Bug 45877 - Null base style for paragraph results in crash
Summary: Null base style for paragraph results in crash
Status: RESOLVED FIXED
Alias: None
Product: POI
Classification: Unclassified
Component: HWPF (show other bugs)
Version: unspecified
Hardware: PC All
: P2 major with 9 votes (vote)
Target Milestone: ---
Assignee: POI Developers List
URL:
Keywords:
Depends on:
Blocks:
 
Reported: 2008-09-24 07:11 UTC by dnapoletano
Modified: 2010-09-19 07:53 UTC (History)
2 users (show)



Attachments
Word document causing NullPointerException (61.00 KB, application/octet-stream)
2008-09-24 07:11 UTC, dnapoletano
Details
Patch that modifies stylesheets. (700 bytes, patch)
2009-06-09 13:58 UTC, Chris Walter
Details | Diff
Patches PAPX.java to avoid NPE when a paragraph's PAPX is based upon a character style (634 bytes, patch)
2009-08-02 12:07 UTC, Andrew Duffy
Details | Diff

Note You need to log in before you can comment on or make changes to this bug.
Description dnapoletano 2008-09-24 07:11:44 UTC
Created attachment 22629 [details]
Word document causing NullPointerException

Attached document, scanning its parts with QuickTest, results in a java.lang.NullPointerException
	at org.apache.poi.hwpf.sprm.ParagraphSprmUncompressor.uncompressPAP(ParagraphSprmUncompressor.java:50)
	at org.apache.poi.hwpf.model.PAPX.getParagraphProperties(PAPX.java:135)
	at org.apache.poi.hwpf.usermodel.Range.getParagraph(Range.java:822)
	at org.apache.poi.hwpf.QuickTest.main(QuickTest.java:45)

After some debugging, I found that

1) the istd value for problematic paragraph style is 10
2) in getParagraphProperties method, baseStyle is null, and then in uncompressPAP method, the null variable causing the exception is "parent"
3) During StyleSheet constructor execution (the istd of problematic style is 10), _parahraphDescriptions[10] is not null, but _parahraphDescriptions[10]getPap() returns null
4) in createPAP(10) (called by the second loop in constructor), "pap" and "papx" local variables are *both* null, then createPAP does not create the PAP for istd=10

A more weird thing is that, deleting or changing other document parts, for example removing other paragraphs, the crash disappears...
Comment 1 Chris Walter 2009-06-09 13:58:00 UTC
Created attachment 23783 [details]
Patch that modifies stylesheets.

During the initialization of "org.apache.poi.hwpf.model.StyleSheet" POI runs through all the style descriptions and adds them to the StyleDescription array in the createPAP method.

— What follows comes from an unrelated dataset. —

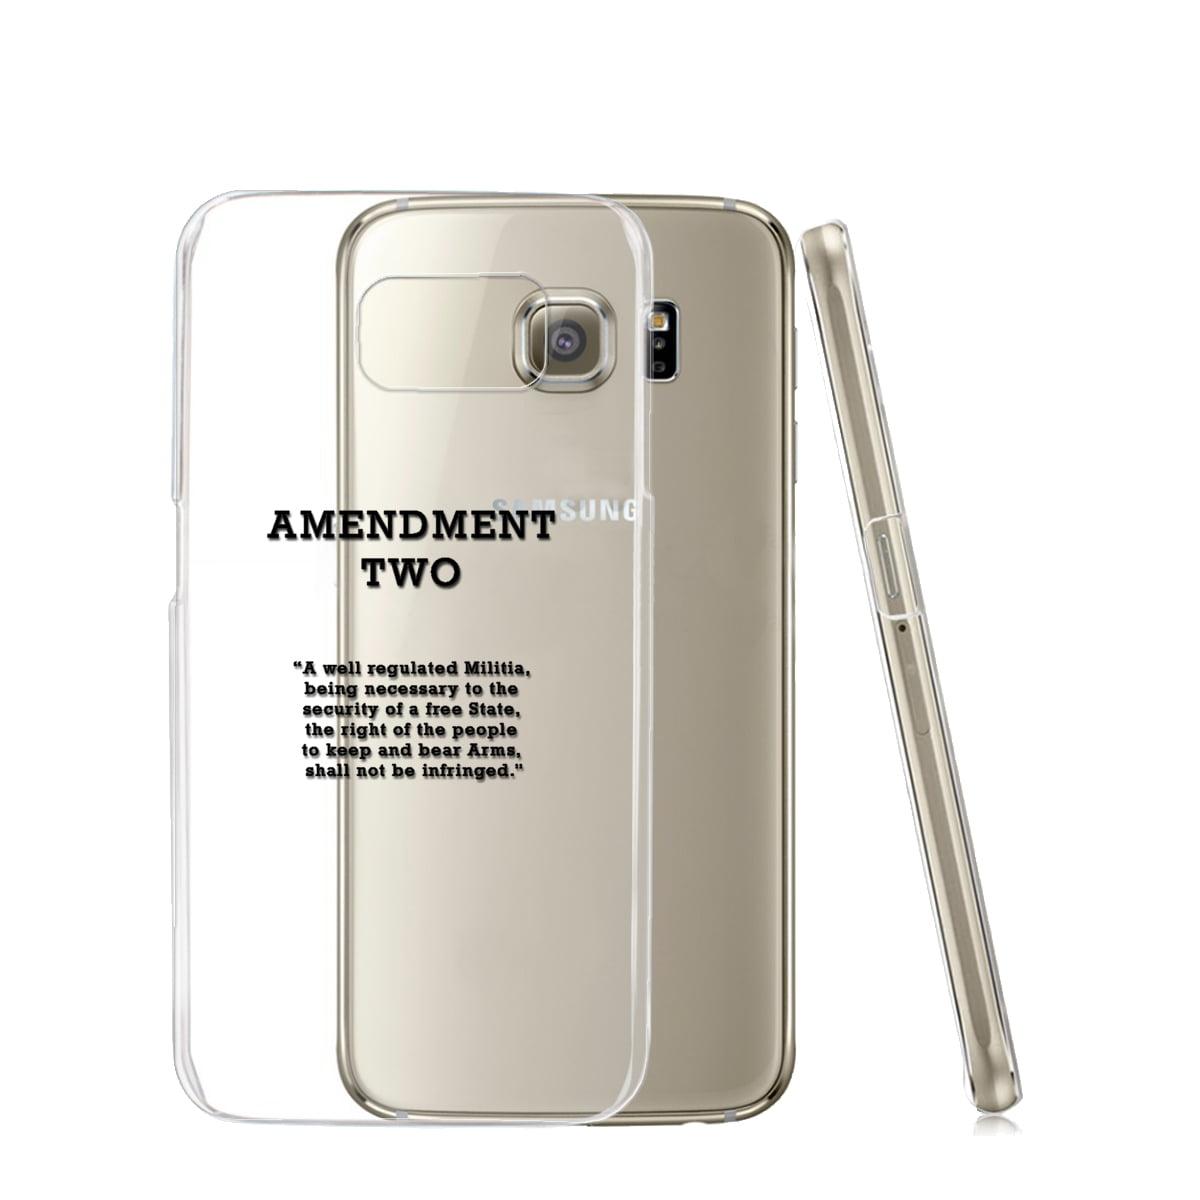 KuzmarK™ Samsung Galaxy S6 Edge Clear Cover Case - Amendment Two

If a description has an improperly set parent (ie it's parent is null) it still tries to run the ParagraphSprmUncompressor. Doing so attempts to clone the parent and throws a Null Pointer exception. The attached patch simply blocks the running of the uncompressor if the parent is null. I've tested this and it passes all tests and fixes the previously attached document as well as some of my own.

If this fixed in deemed inappropriate, please do not fix with a Runtime error. The documents contents have still been loaded correctly and should still be useable in certain contexts.
Comment 2 Andrew Duffy 2009-08-02 12:07:16 UTC
Created attachment 24082 [details]
Patches PAPX.java to avoid NPE when a paragraph's PAPX is based upon a character style

I've encountered this error while decoding .doc files saved by OpenOffice Writer. Some paragraphs have a PAPX with an istd that is a character style, and PAPX.getParagraphProperties throws an NPE as a result.

I've attached a patch to PAPX.java to work around this. I don't think Chris Walter's patch to StyleSheet.java is necessary.
Comment 3 Nick Burch 2010-09-19 07:53:03 UTC
I've just tried opening your document with POI on svn head, and it was loaded fine, and we could get the text without error. Looks like the bug was fixed at some point between when you reported this and today.